Sir Russell Coutts  (born 1 March 1962) is a world champion New Zealand yachtsman.

Early and personal life 
Coutts was educated at Otago Boys' High School (1975–1979) and is a Life Member of Paremata Boating Club, where he learnt to sail in a P class, and the Ravensbourne Boating Club. Coutts has three children, and has been married twice.

In 2021 Coutts criticised the New Zealand Government's response to COVID-19, suggesting that the government was acting like a dictatorship by establishing vaccine mandates and enforcing managed isolation. In February 2022 Coutts announced that he would attend the Convoy 2022 New Zealand anti-mandate protest in Wellington.

Career 
Coutts' achievements include a gold medal in the Finn Class in the 1984 Olympic Games, winning the America's Cup five times, the ISAF World Youth championships, three World Match Racing Championships, numerous international match race wins and IOR, IMS and One Design World Championship victories. As skipper/helmsman in America's cup racing, he has a perfect record with 15 wins and no losses (1995, 2000, 2003). He was CEO of the Oracle Team when it won the America's Cup twice with 14 wins and 16 losses (2010, 2013 and 2017 each time with James Spithill as skipper/helmsman).

In 2005 Slovenian designer Andrej Justin designed with input from him a new boat called the RC44; a high performance one design racer created for top level racing in international regattas under strictly controlled Class Rules. The concept and the design features of the RC44 are dedicated to the amateur helmsmen racing in fleet racing sailing events.

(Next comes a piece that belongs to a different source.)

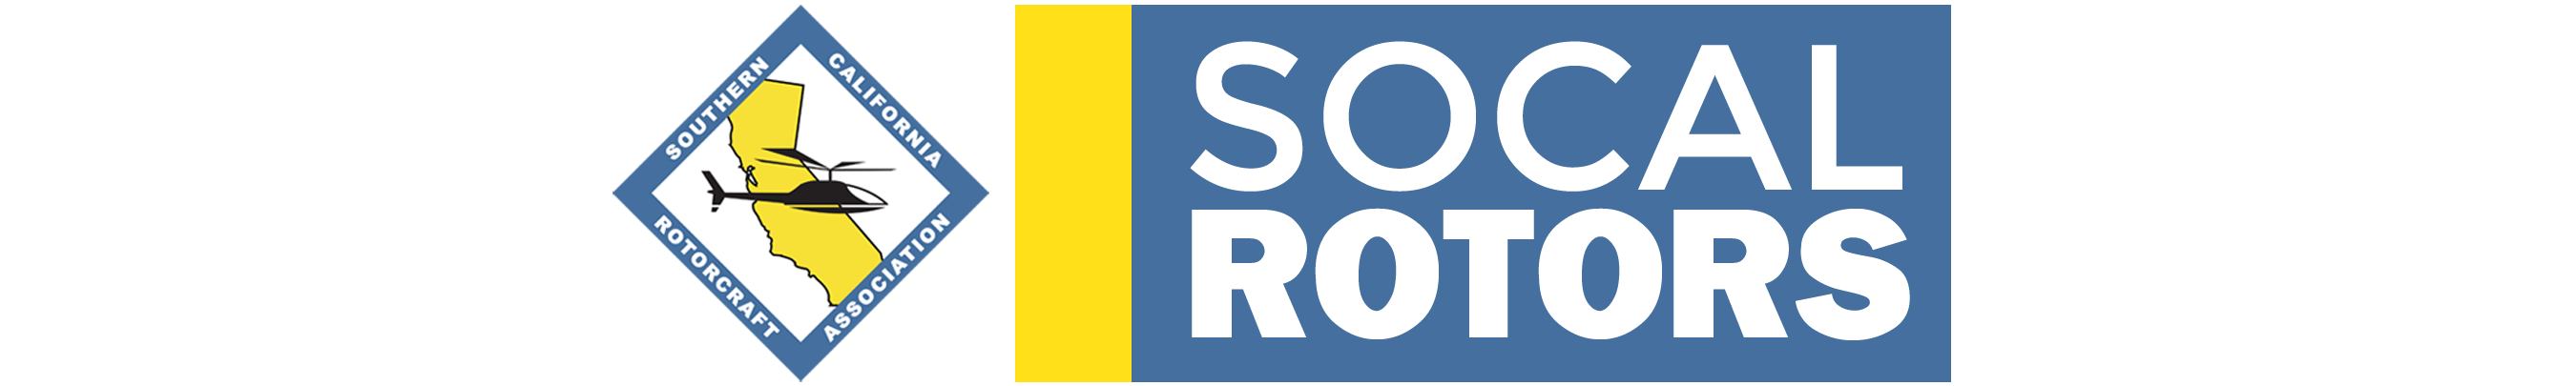 SoCal Rotors

In July 2007, Coutts was named CEO and Skipper of BMW Oracle Racing, sponsored by Golden Gate Yacht Club (GGYC), the United States Challenger to the 2010 America's Cup. He was involved in the pre-match litigation between the challengers Golden Gate Yacht Club and Société Nautique de Genève (SNG), in which the court decided that the GGYC was the rightful Challenger of Record. Cup Defender SNG's team was Alinghi. Coutts' yacht USA beat the defending yacht Alinghi 5 by considerable margins in both races.

Most observers stated that USA 17's rigid wing sail had given it a decisive advantage.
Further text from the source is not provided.